CN - Thursday
We woke up this early this morning in the Kamila Hostel in Cusco and are to be picked up around 7:30am for the long trek to Machu Picchu. The process involves a 5 hour bus ride from Cusco to a small town near Aguascalientes - then a 2 hour walk or 20 minute train ride from there to actually get to Aguascalientes. I think we will spring for the extra $12US to take the train. There are no roads allowing vehicles to Aguascalientes only a train to get there and out from either side of town. Then we spend the night at a hostel in Aguascalientes and take a short early morning shuttle ride and arrive at Machu Picchu around 6am. We will tour the site all morning, then depart on the train, transfer to another bus and arrive back in Cusco around 6 or 7pm on Friday. I'm told the hassle is totally worth it. I'm hoping this is true because as I type this update, we are 5.5 hours into the first bus ride and only half-way to our destination. A massive landslide has completely blocked the mountain road and we have been sitting and waiting with a hundreds of others for over 2 hours for road crews to arrive and clear the slide. Oh well, what can you do. I just hope we can make it to our destination tonight and get to see Machu Picchu tomorrow. It would be a crusher to have to turn around and return to Cusco at this point. Our bikes and gear are stored at Kamila Hostel where we plan to stay on Friday night upon our return.
Flashing back to Tuesday morning we left Pisco for Nazca early to hopefully get a look at the lines from some vantage point. I've been told the only good way to view the Nazca lines is from an airplane and we probable won't take the time or expense to do that. About a few kilometers outside Pisco we came upon the Dakar stage start for Pisco. The was actually the REAL start of the race as the racers ride down from Lima (official start) on the roads in a ceremonial parade down to Pisco. This is mostly for the viewing public to get to see the vehicles and racers as the actual stages are off road and inaccessible to most everyone that doesn't have the vehicle and and/or huevos to get there. Many of the Peru stages are in the sandy dunes of the desert and especially nasty. As we ride up to the starting arch to snap a few pics I of course dumped my bike in the deep sand. One of these days I will work on my sand skills on an unloaded bike - until then the sand continues to baffle me on how to ride it successfully.

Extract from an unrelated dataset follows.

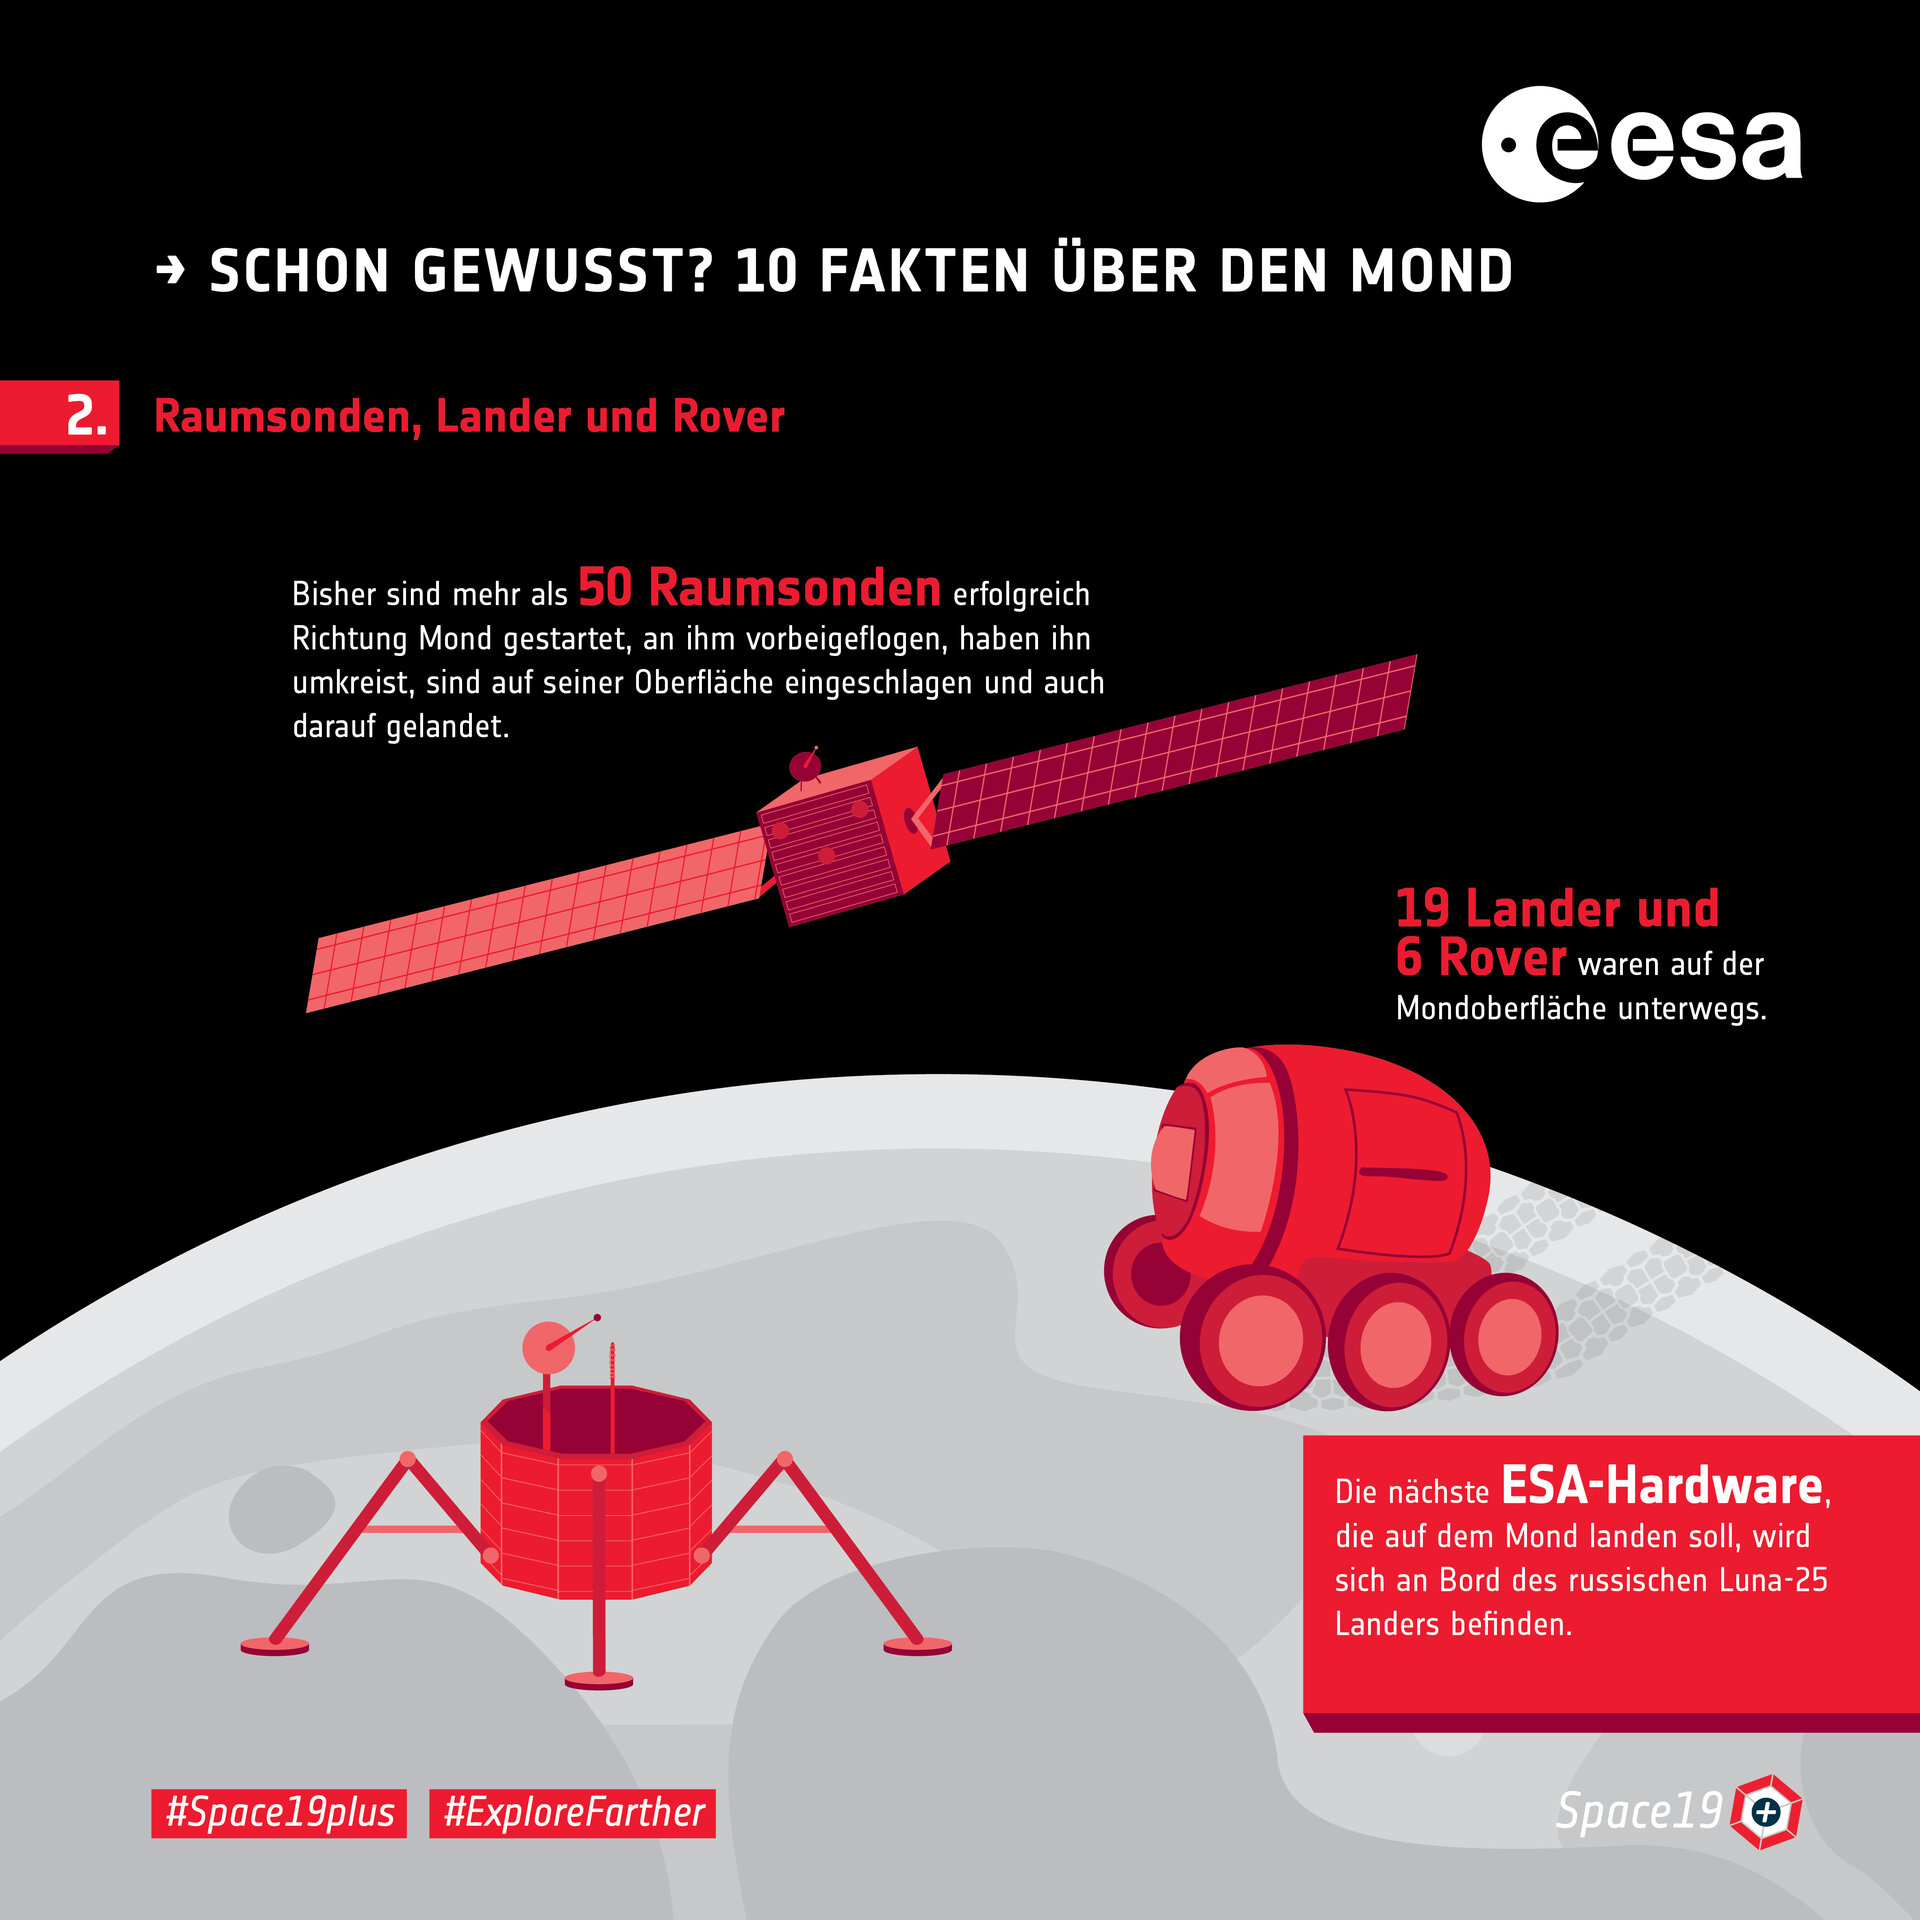 Schon gewusst? 10 Fakten über den Mond: 2. Raumsonden, Lander und Rover

We arrived to the Nazca site around 11am and soon found the only accessible high ground was a small rise costing 2 Soles (about .60US for access). We paid and hiked up but you could not make out any shapes - just barely see the lines streaking across the desert. Oh well, guess pictures on the internet from above will have to suffice - we can at least say we were there. We grabbed a quick lunch in Nazca and started heading east towards Cusco - at least a two day ride.
After several days on the coast and desert we were welcoming the change in terrain to mountains - many 15,000 foot passes were ahead of us on the way to Cusco. We quickly experienced a big temperature drop and noticed storm clouds building in the massive mountains ahead. Shortly after gearing up and climbing to 13,000ft. it began to rain, then sleet, then to snow slushing up a couple of inches on the road. We were careful to stay in the truck tire tracks to avoid the slippery slush. The 550k ride that day turned out to be one of the more miserable of the trip - rain and snow with temps in the low 30's makes for some tough conditions on a motorcycle. We rode the last 2 hours in the rain and dark as there were no towns with anywhere to stay until reaching Chuqimbambilla just after 8pm. Soaked to the bone and exhausted we changed into dry clothes and ventured out into the rain to find some food. Turns out Dick from Holland was also there as he had sent Ken a text earlier that he noticed shortly after we arrived. We had originally met Dick on the road while riding through Colombia. We met up that evening and arranged to ride the remaining 300k to Cusco together the next day. My body was a wreck after the 10+ hours on the bike and I collapsed to bed and easily fell asleep that night.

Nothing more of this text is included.